Несла она малороссийским селянам
Бессмертную русскую литературу,
Ведь русский язык - он велик и прекрасен,
И вслед за собою несет он культуру.
Но было то не королевство Лесото,
А это, к несчастью, была Украина,
Поэтому и с языком, и с культурой
Безрадостной очень была там картина.
Так вот, в том местечке сыскались нацисты,
Бандиты, бандеровцы, «воены света»,
Они воевали в АТО, в добробатах,
Страна их пинком наградила за это.
И вот эти воены света решили,
Что русский язык - это к бедам дорога,
Что библиотека - москальский рассадник,
И надобно сжечь ее.
Цэ перемога!
С собой прихватили они вышиванки,
Дубинки, кастеты, канистры с бензином.
Наташа чуть чувств не лишилась от страха
Увидевши свинские их образины.
Она им кричала:
- Вы что! Это ж книги!
Не троньте великую литературу!
Но только хохлы подожгли очень быстро
На взгляд их - вреднейшую макулатуру.
Она им кричала:
- Вы что!
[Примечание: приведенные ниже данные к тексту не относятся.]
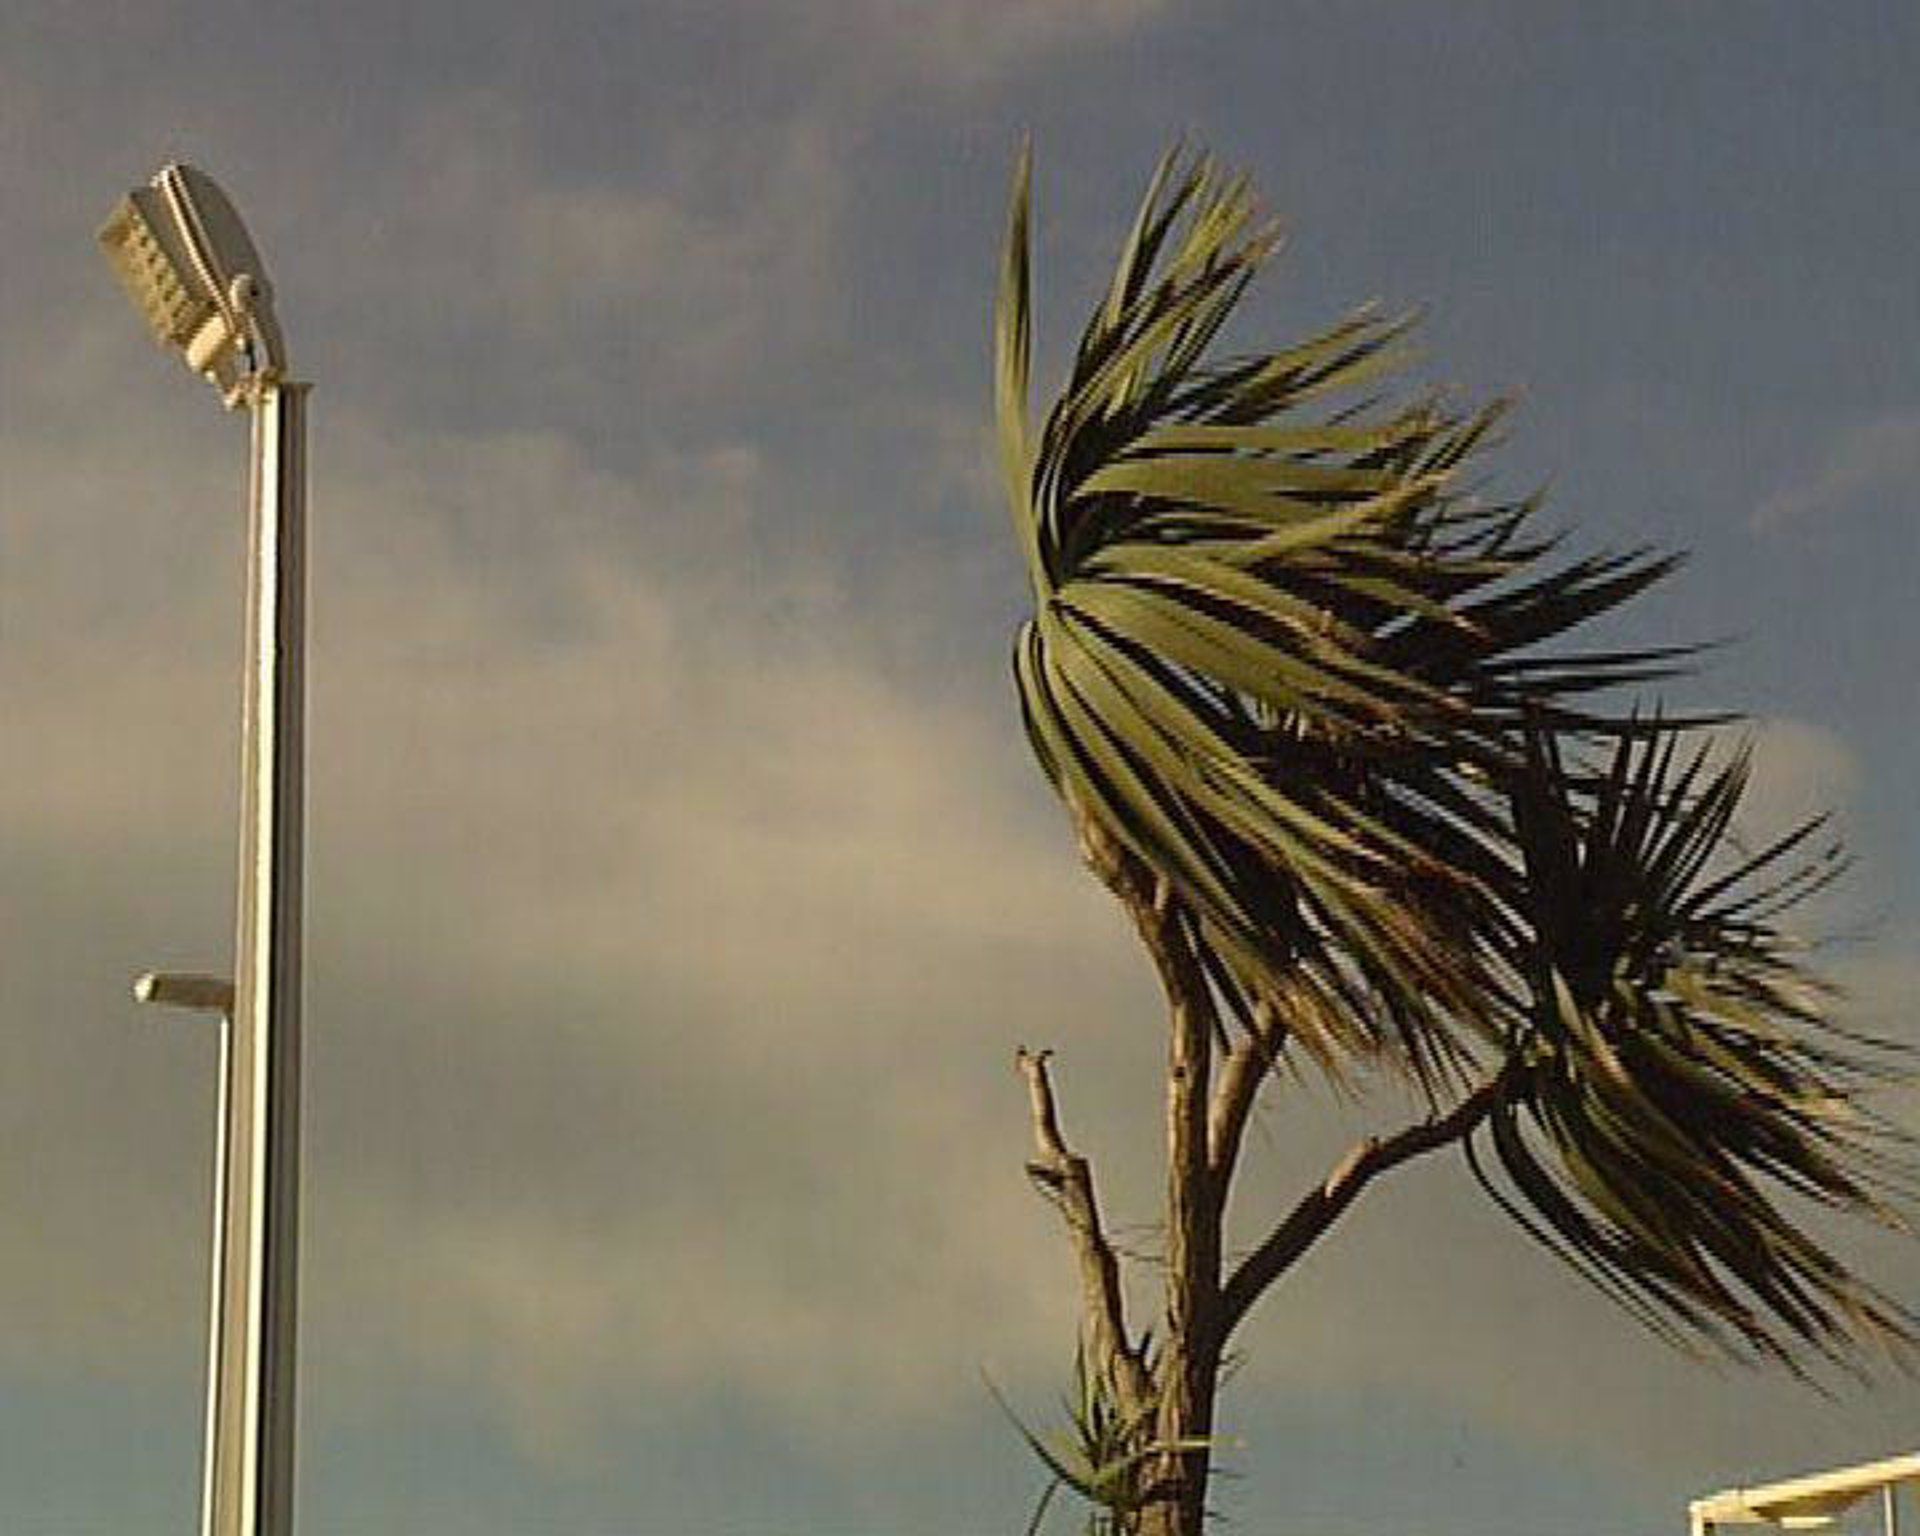 El Gobierno de Canarias declara la alerta por vientos de hasta 90 km/h en La Palma, Tenerife, La Gomera y Gran Canaria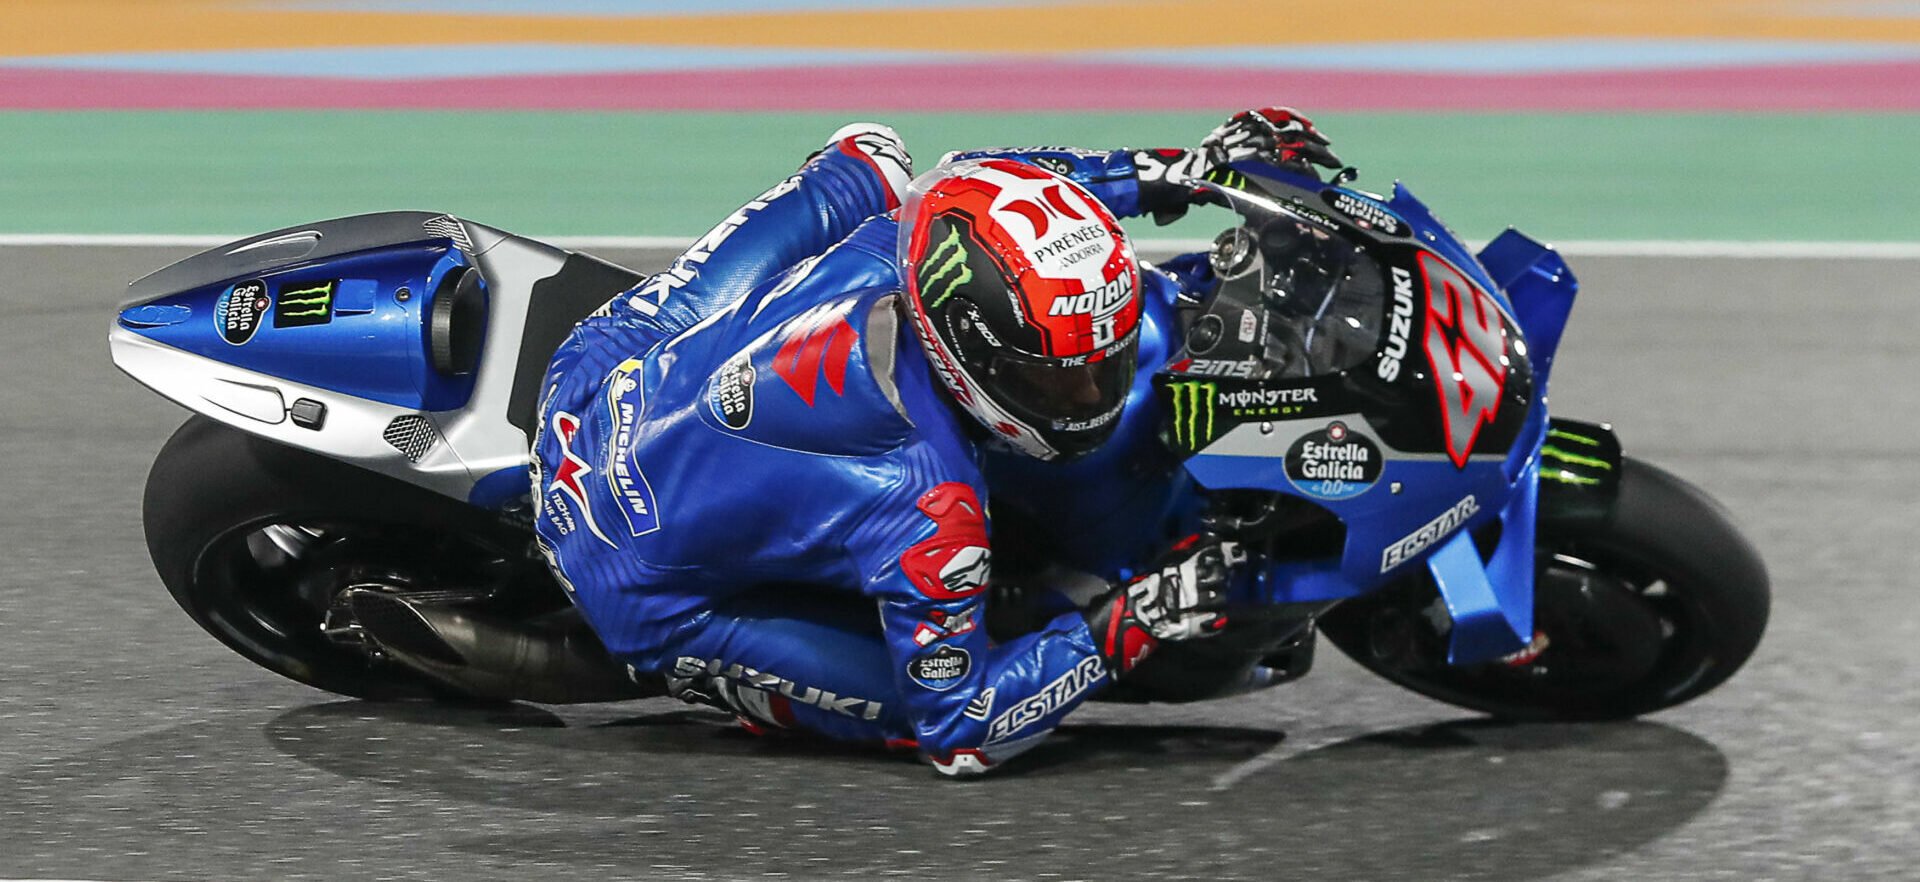 Suzuki Terdepan di FP2 MotoGP Qatar

Это ж Пушкин!
Толстой, Достоевский.
Какие примеры!
Они ж ей в ответ:
- Что такое твой Пушкин
Да против Тараса и против Бандеры?!
Пожарные - чудо! - на вызов примчались
И стали тушить уже тлевшие книги,
А нацики нагло при том ухмылялись, -
«Мы снова придем!» -
И крутили всем фиги.
Вожак их, атошник Дмитро окаянный,
К Наташе на всех парусах подкатил,
И прямо при всех, никого не стесняясь,
Он ей кулаком между глаз и вломил.
Не то, чтоб имел что-то лично к Наташе,
Он так своих девок обычно кохал,
А если без этого - не получалось,
Искомого кайфа он не получал.
Никто не вмешался.
Его все боялись.
И даже полиция сделала ноги.
Наташа упала.
Эх, наша Наташа!
Помочь тебе смогут ну разве что боги.
А гадский Дмитро пнул ногой ее в спину:
- Ты жди нас, Наталка, мы скоро вернемся,
И вот за тебя, за москальску подстилку,
Всерьез и надолго тогда и возьмемся.
Лежала Наташа в пыли и рыдала,
Дымилась спасенная библиотека,
Подальше отсель селюки разбежались -
Природа, увы, такова человека.
И вот, посреди этих горьких рыданий
Пришел кто-то, тронул ее за плечо,
Она вся скукожилась и задрожала,
Воскликнув безумно:
- Ну что вам еще!
Но этот, настырный до ужаса кто-то,
Совсем не боялся и прочь не сбежал,
Должно быть, не в курсе он, что тут творилось,
И то бы летел, как алтайский марал.
Привстала Наташа и видит - стоит он,
Высокий, красивый, шикарно одет, -
В каком-нибудь киевском, верно, бутике, -
Да и не сказать, что ему много лет.
Черный костюм модный, шелковый галстук,
Снизу - каза́ки с обрубленным носом,
Трость с набалдашником, стильные баки,
Шляпа, короче - сплошные вопросы.
И главное - в лайковых белых перчатках!
Он руку Наташе тотчас подает,
И так говорит ей:
- Мон а́нж, обопритесь.
В большом изумленье Наташа встает.
Она отряхнула пыль с мятого платья,
Он шляпу подня́л:
- Александр, честь имею!
Она же ответила:
- Просто Наташа.
Самой же подумалось:
«Скоро сомлею.
Такой необычный, как будто нездешний,
По виду - так прям дорогой иностранец.
А как он галантен!
Таких днем с огнем тут,
Здесь каждый второй трус, а нет - так засранец».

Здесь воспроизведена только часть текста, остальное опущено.